I'm not completely up to date but a few months ago Qwen2-VL (runnable locally) was able to perfectly read text from images. So I'd say you would still need to preprocess that folder to texts to get any reasonable speed for queries but after that if you feed the data to a LLM with long enough context it should just work. If on the other hand it's too much data and the LLM is required to use tools then it is indeed still too soon. But it is coming.

malanj|1 year ago

If you're wondering how they prompt the models:

"Perform OCR on this image. Return only the text found in the image as a single continuous string without any newlines, additional text, or commentary. Separate words with single spaces. For any truncated, partially visible, or occluded text, include only the visible portions without attempting to complete or guess the full text.
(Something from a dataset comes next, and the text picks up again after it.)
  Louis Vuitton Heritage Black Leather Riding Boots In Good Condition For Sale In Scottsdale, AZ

If no text is present, return empty double quotes."

Found in: https://github.com/video-db/ocr-benchmark/blob/main/prompts....

Terretta|1 year ago

TL;DR: For original object truth rather than image truth, this paper shows VLMS are superior, even though prompt shows the authors are "holding it wrong".

Yet another paper where the authors don't address what tokens are. It's like publishing Rolling pin fails at math or Calculator fails to turn dough ball into round pizza.
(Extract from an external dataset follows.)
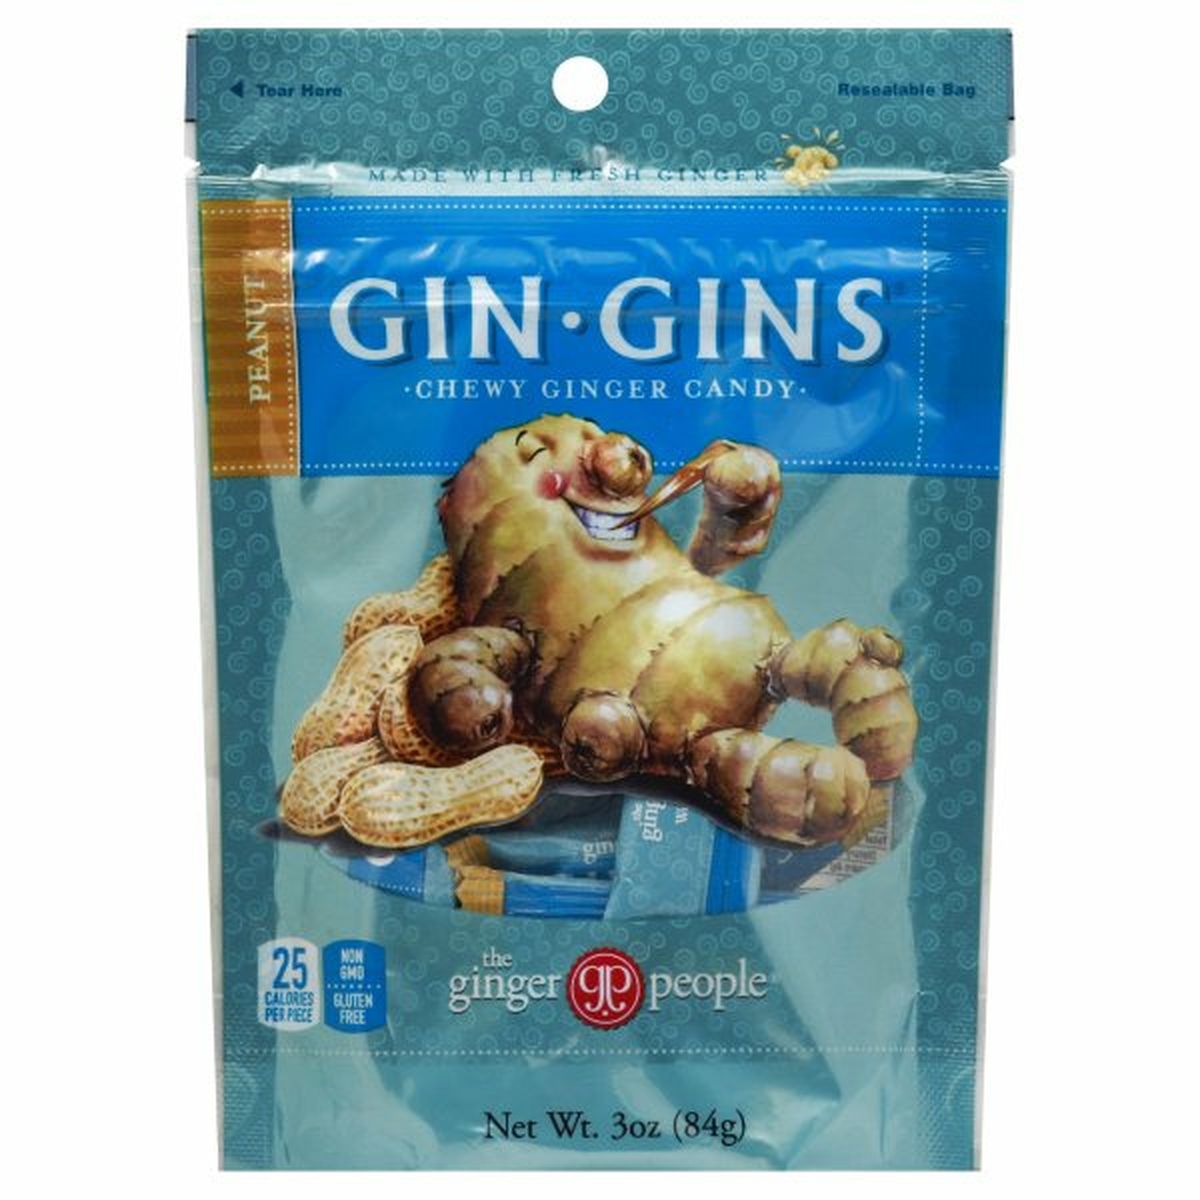 Calories in The Ginger People Gin Gins Ginger Candy, Chewy, Peanut

While I can understand where they're coming from in a desire to avoid hallucination when doing some letter for letter transcription from an image, certainly most times you reach for OCR you want the original copy, despite damage to its representation (paper tears, coffee stains, hands in front of it). Turns out token conjunction probability conjectures come in handy here!

Whether the image of an object, or the object, is "Ground Truth" is an exercise left to the user's goal. Almost all use cases would want what was originally written on the object, not its present occlulded [sic] representation.

retskrad|1 year ago

People say CPU benchmarks are meaningless (what does even 10-15% better mean in practice?) but LLM benchmarks are even more of a mystery. The same LLM will produce a novel output everytime you given it the exakt same prompt.

deivid|1 year ago

Are there any "good" OCR models that run in restricted/small environments? I'm thinking about local models for phone-sized CPUs

Obviously these models would have lower accuracy, but running at all would be nice.

echelon|1 year ago

Are there any benchmarks (speed, accuracy, etc.) for non-OCR use cases? I want to label images and videos, but don't really care about text.

croes|1 year ago

Does everyone also need huge data centers at lots of energy?

belter|1 year ago

Gemini is so bad I gladly cancelled my paid account. But hey, maybe AI and 50B dollars is what was needed to get a better OCR...

bobjordan|1 year ago

Really? This surprises me because I use open-AI pro for $200 per month and I still fall back to using my Gemini $20 per month account a lot these days, I like the new 2.0 experimental speed and how it defaults to diving into producing usable code, immediately. Whereas, my open ai pro mode will spend a few minutes to give me an initial answer that beats around the bush at a much higher level to start. So, my workflow has evolved to using Gemini to iterate my initial thinking and frame out requirements and first draft code. Then, when I get about 2,000 - 3,000 lines for a detailed initial pro mode prompt, I send that to open ai pro mode and then it shines. But, I really like starting with the Gemini 2.0 model first. The main thing I dislike about Gemini is I often need to tell it “please continue” when it reaches its output limit. But it nearly always just picks up right where it left off and continues its output. This is critical in using Gemini.

casey2|1 year ago

It's not surprising that google has such a huge mote with their highly illegal and unethical activity of scanning and digitizing billions of pages of copyrighted work to train their models. Oh wait, google books search was fair use. I got it confused with LLMs.

Terretta|1 year ago

> It's not surprising that google has such a huge mote with their highly illegal and unethical activity of scanning and digitizing billions of pages of copyrighted work to train their models.

Excellent Freudian slip (proverb allusion suggesting Google has a blind spot, while discussing OCR).